Assignment: Everything from the line with "If you look" to the last line of the listing must be retyped exactly, both ends included, with the pictures dropped.

Data shown:

■ ■ ■ ■ ■

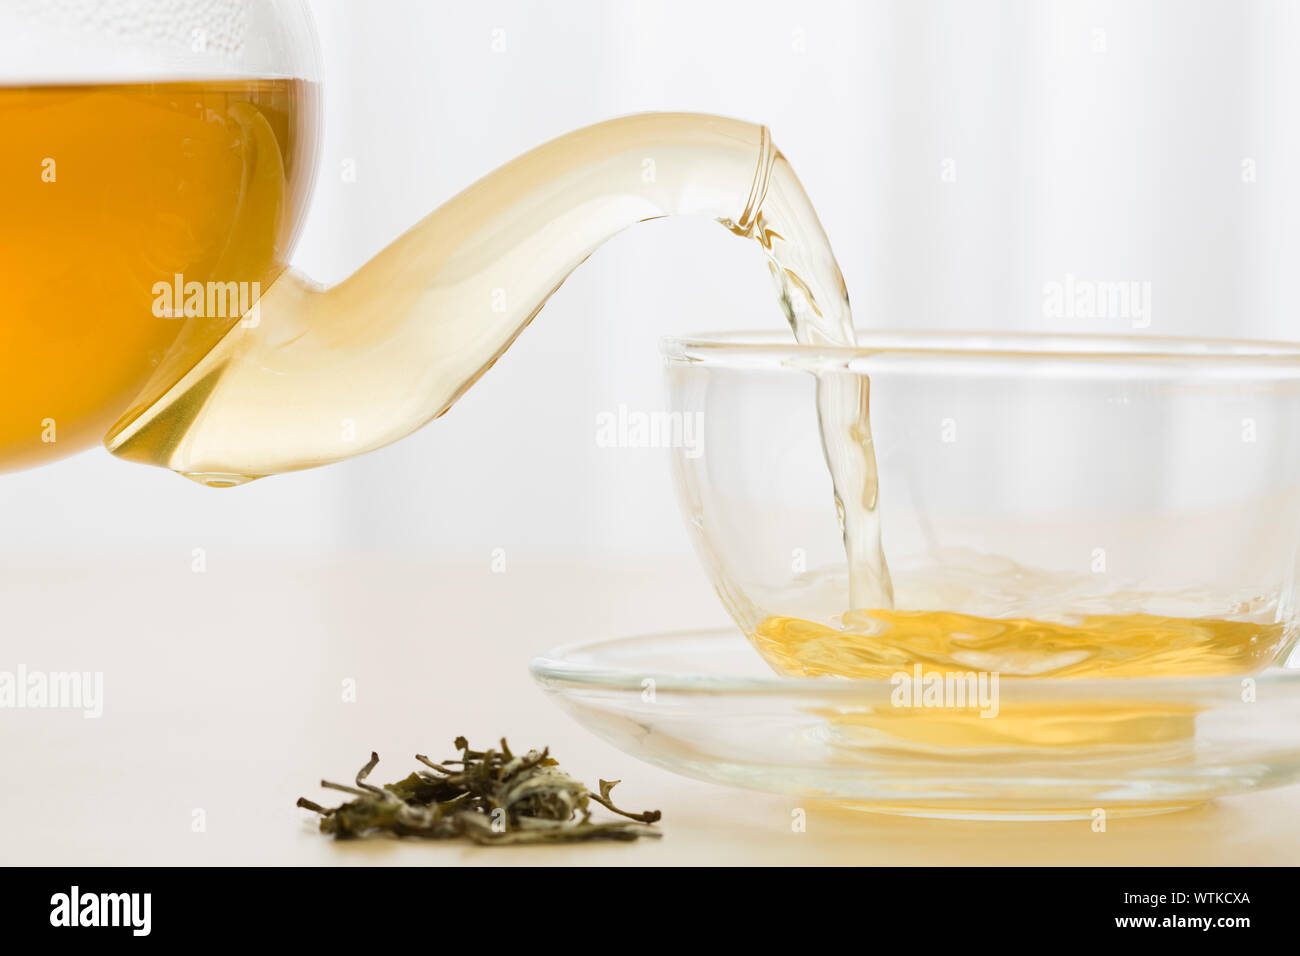 Green tea being poured into cup Stock Photo
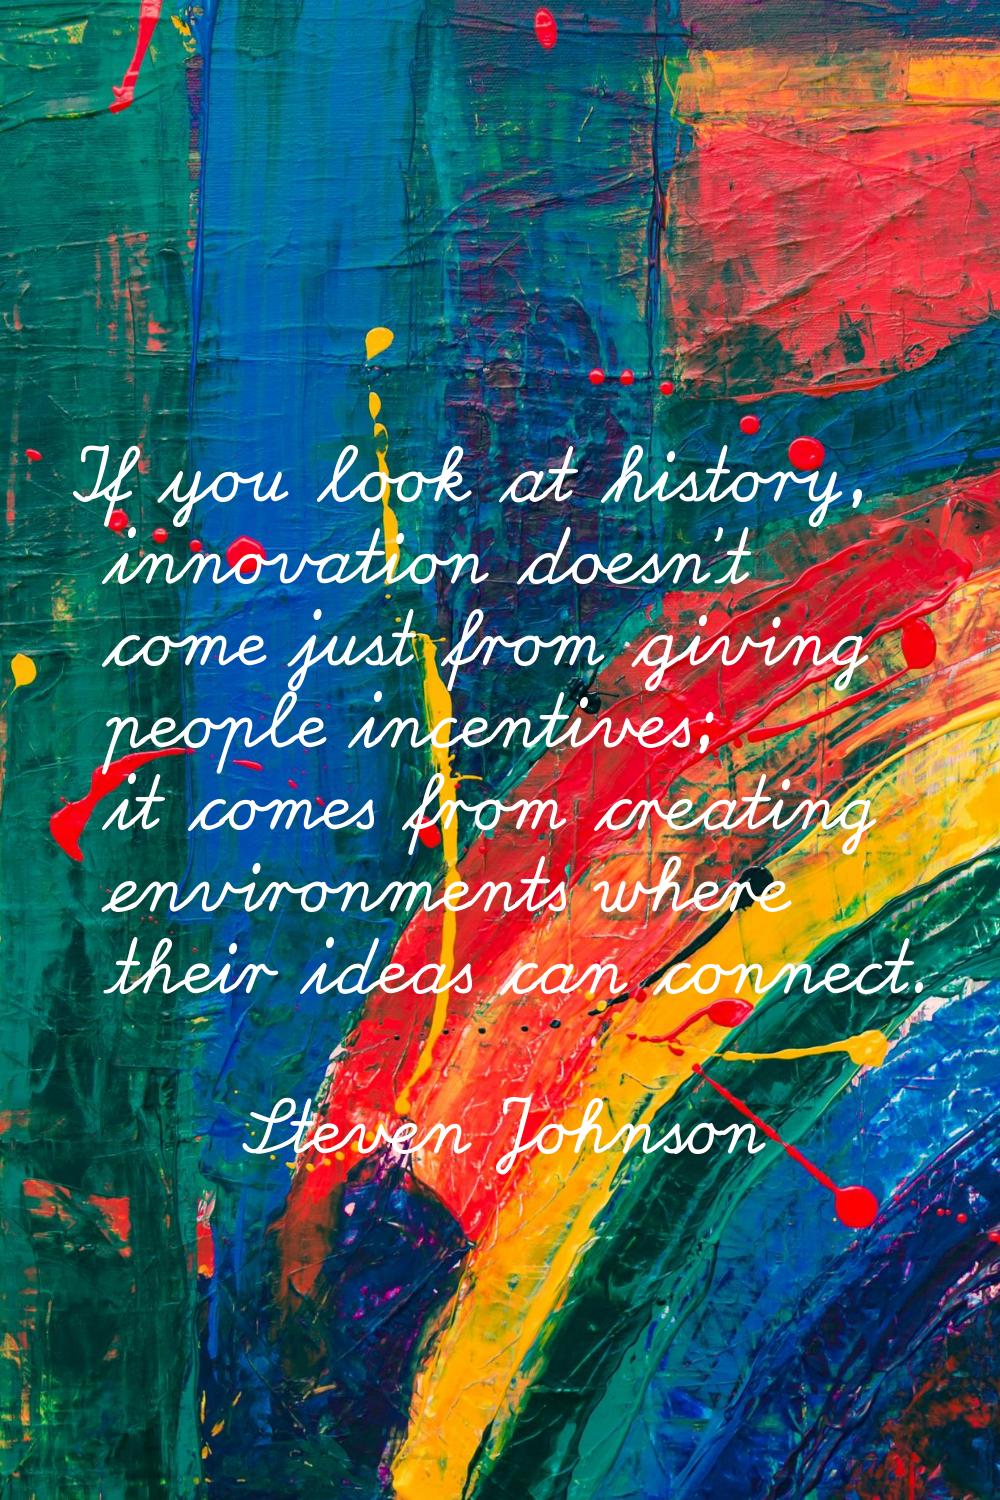 If you look at history, innovation doesn't come just from giving people incentives; it comes from c
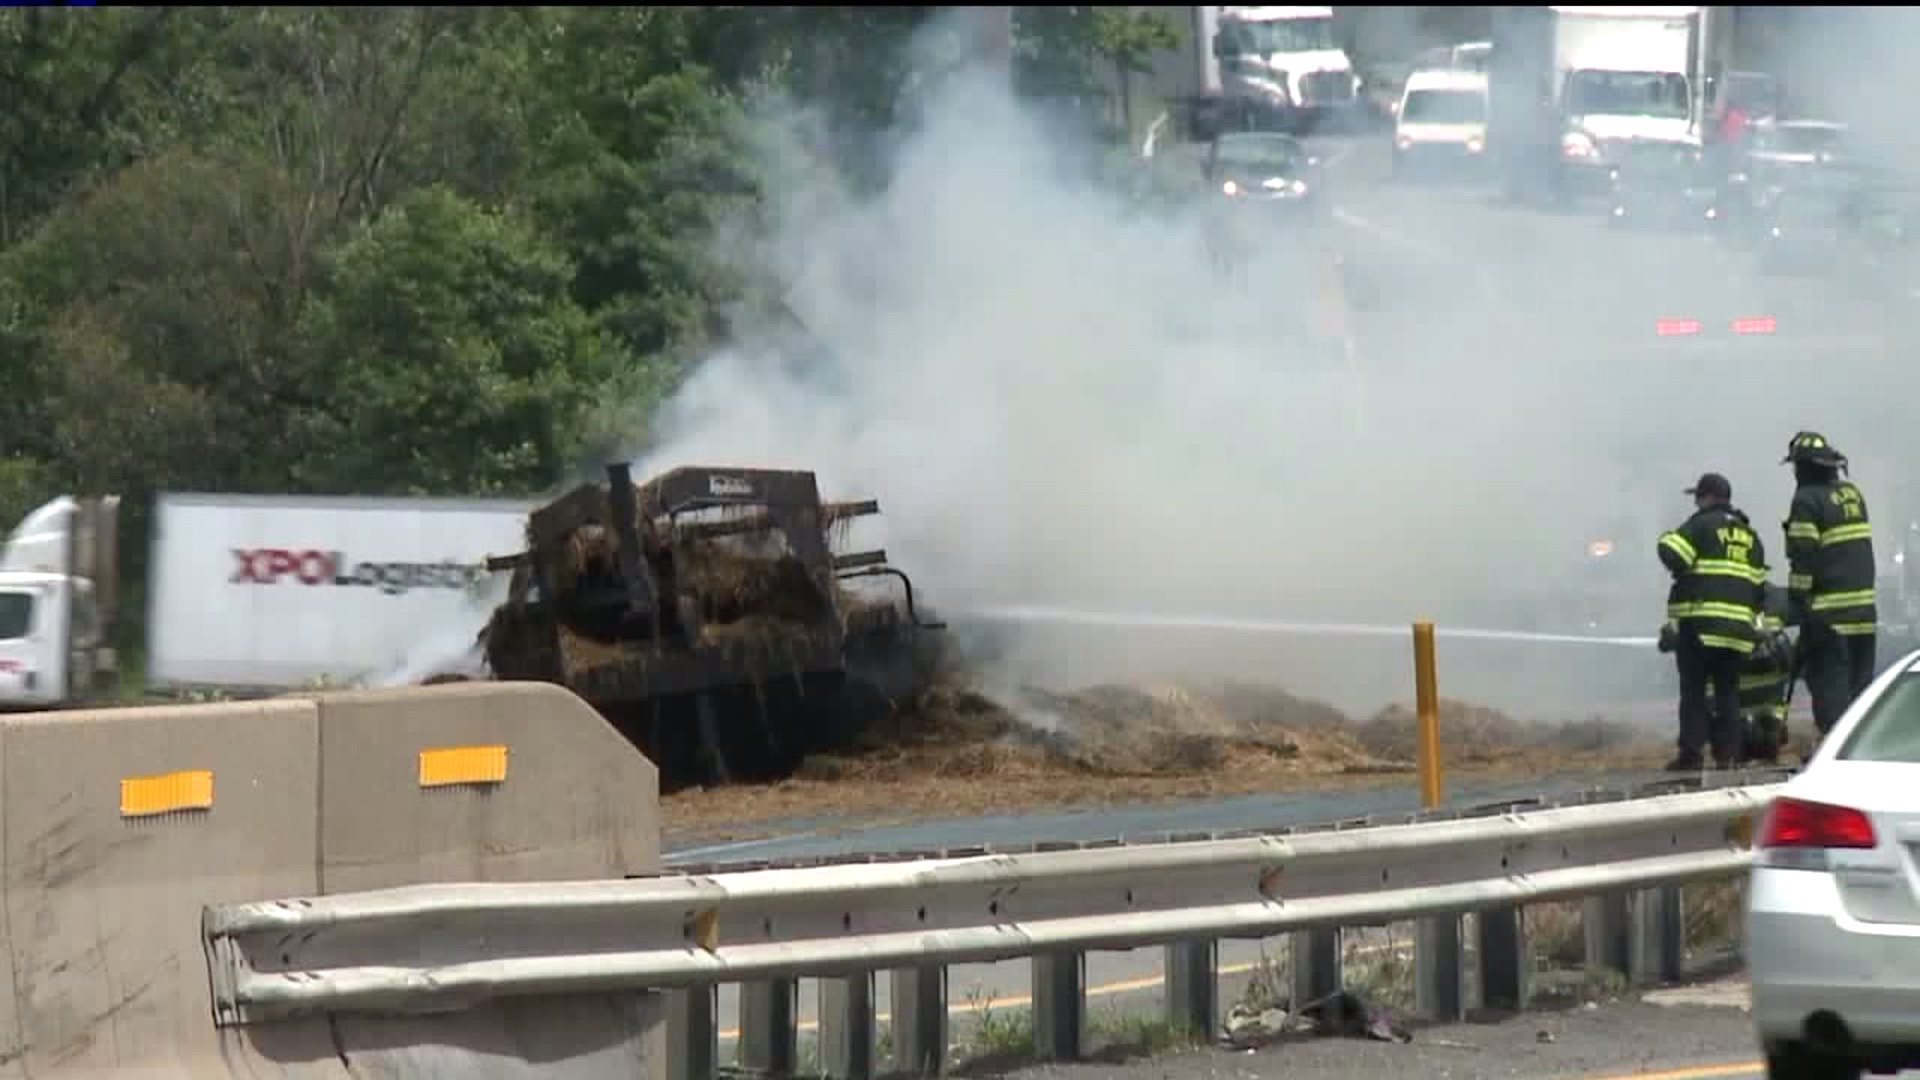 Truck Hauling Hay Catches Fire on Interstate 81

■ ■ ■ ■ ■

Result of the exercise:
 If you look at history, innovation doesn't come just from giving people incentives; it comes from c
 Truck Hauling Hay Catches Fire on Interstate 81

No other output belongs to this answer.